Supporting a Fair and Livable Minimum Wage
Mr. SCHIFF. Mr. Speaker, I rise today to express my disappointment that once again the Members of this House appear poised to let another opportunity pass us by that would have a meaningful impact in the lives of millions of American families. Today, we are voting on a bill that has been rushed to this House floor and purports to raise the Federal minimum wage. In reality, however, the bill before us seeks to muddy the waters about whether America's lowest paid workers deserve to make a living wage.
In stark contrast to the bill before us today, Mr. Miller, the ranking member of the House Committee on Education and the Workforce, has introduced very simple legislation that would increase the Federal minimum wage to $7.25 per hour over the course of the next 2 years. This bill was introduced in May of 2005 and has yet to receive a hearing.
The hastily drafted bill before us today, however, was only introduced earlier this afternoon, and the House leadership has brought it to the floor for a vote.
This legislation adds unrelated and controversial provisions, that I'm sure some hope will end the debate and ensure that a meaningful increase in our minimum wage never takes place. We should instead, be voting today on a straightforward bill that simply raises the Federal minimum wage to a level that ensures that working families can emerge from the grasp of poverty.
Before the House adjourns for the August recess, I believe we owe the American people a simple up-or-down vote on whether or not working Americans deserve a decent living wage.
The current minimum wage of $5.15 per hour is not a living wage. It is not a wage on which single individuals, working full time, can adequately support themselves, and it is most certainly not a wage on which a single mother or single father can raise a family.
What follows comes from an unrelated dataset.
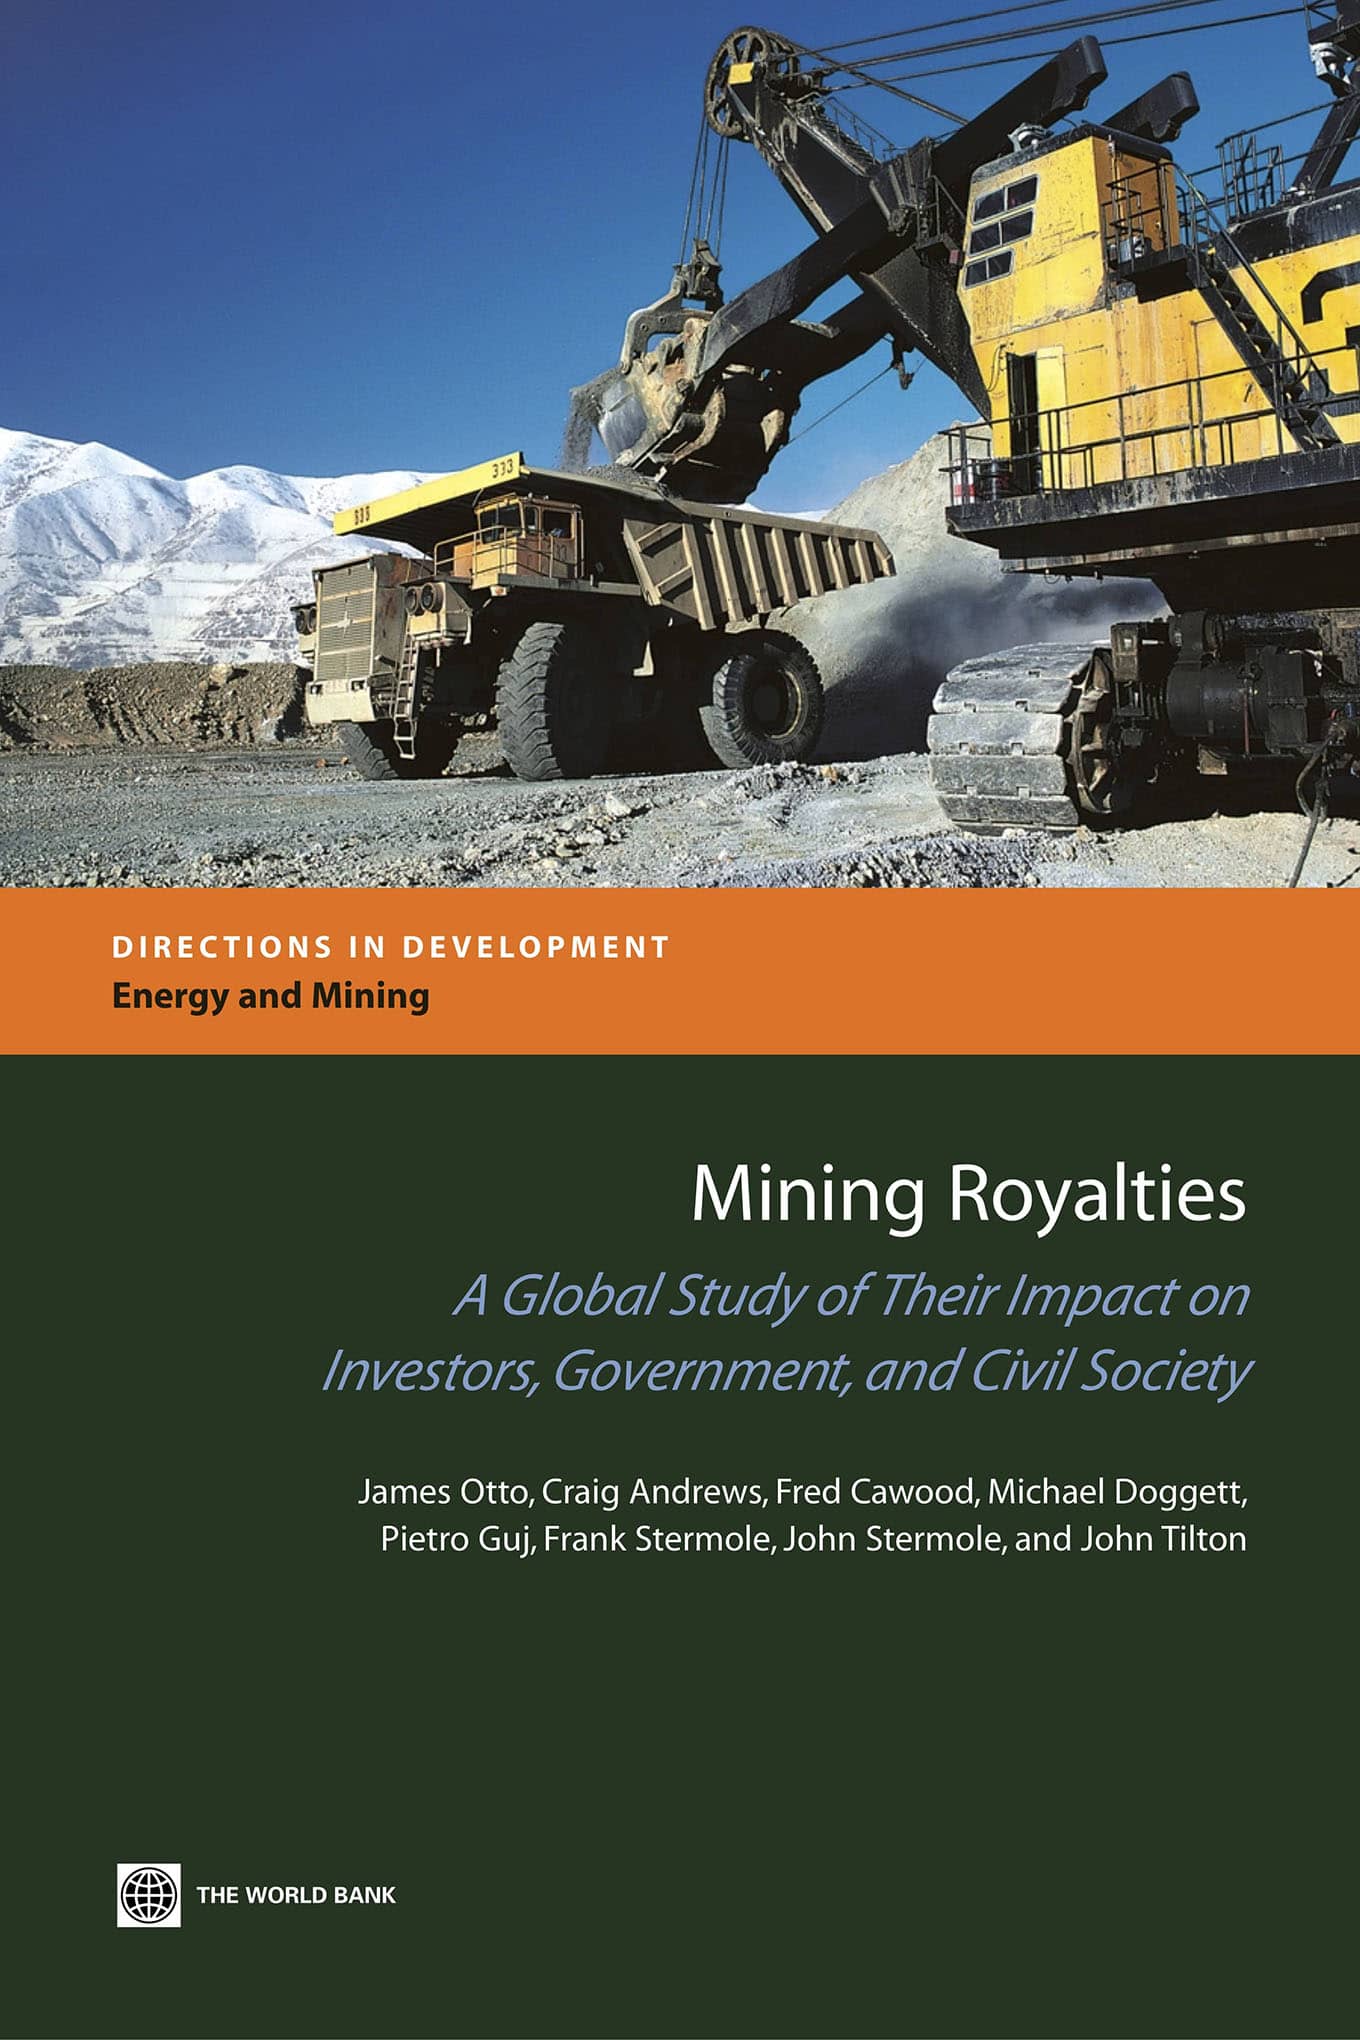 Mining Royalties: A Global Study of their Impact on Investors, Government, and Civil Society (The World Bank, 2006)
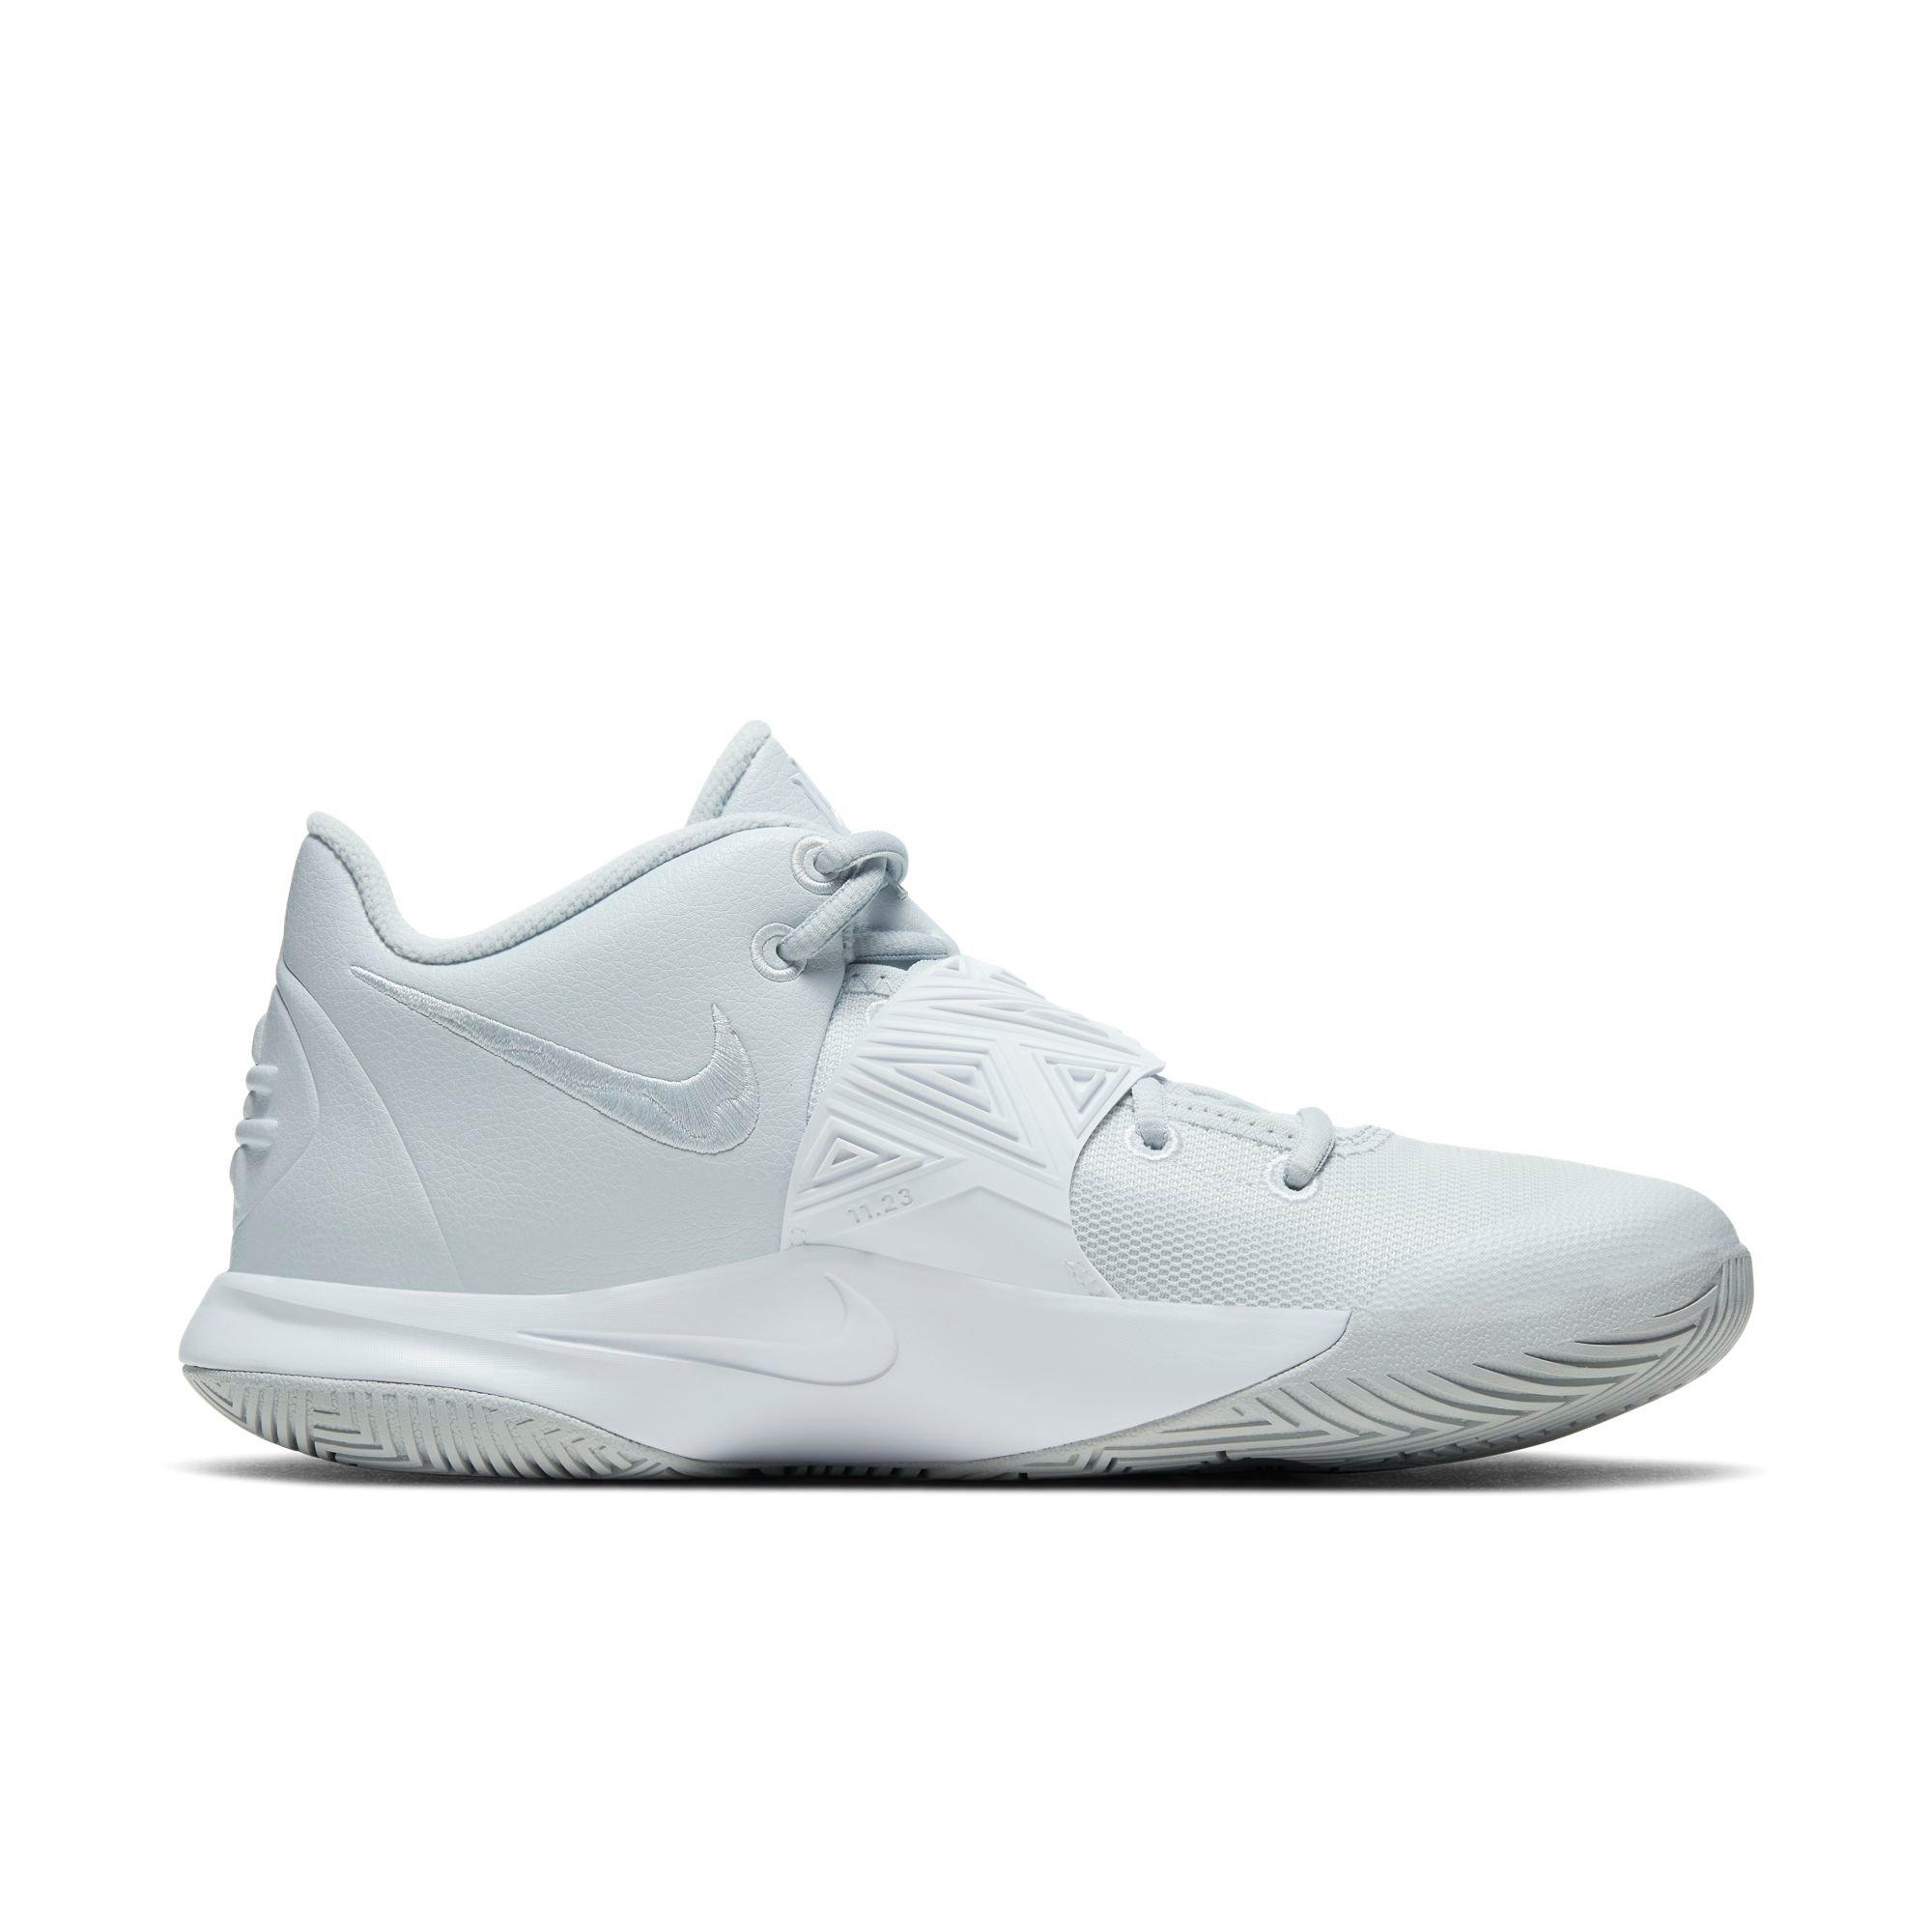 women's kyrie basketball shoes

Millions of hard-working Americans would directly benefit from a minimum wage increase. Some would argue that this would only benefit high school students and young adults who are being paid minimum wages on their first job at a fast food restaurant. In fact, more than 84 percent of workers who would directly benefit from a minimum wage increase are above the age of 20. In addition, nearly 60 percent of those individuals work full time, and 45 percent of them are married and/or have children.
They are the victims of our inaction, Mr. Speaker. In many cases, it is our children who will suffer. I am ashamed that nearly 36 million Americans live in poverty in our country, and that nearly 13 million of those who live below the poverty line are children. With a very simple vote today--on a very simple piece of legislation--we could dramatically increase the physical, mental, and financial wellbeing of countless American children. No one who works for a living should have to live in poverty, and the children of these working families must not be made to suffer for our collective lack of moral conviction.
I call on my friends on the other side of the aisle, and I ask them to partner with us to pass a meaningful increase in the Federal minimum wage. We must pass legislation that does not contain controversial provisions that divide us. Instead, we should speak with one voice, as one Congress, and tell working Americans that we value their work, that we understand their sacrifices, and that they deserve to make a living wage.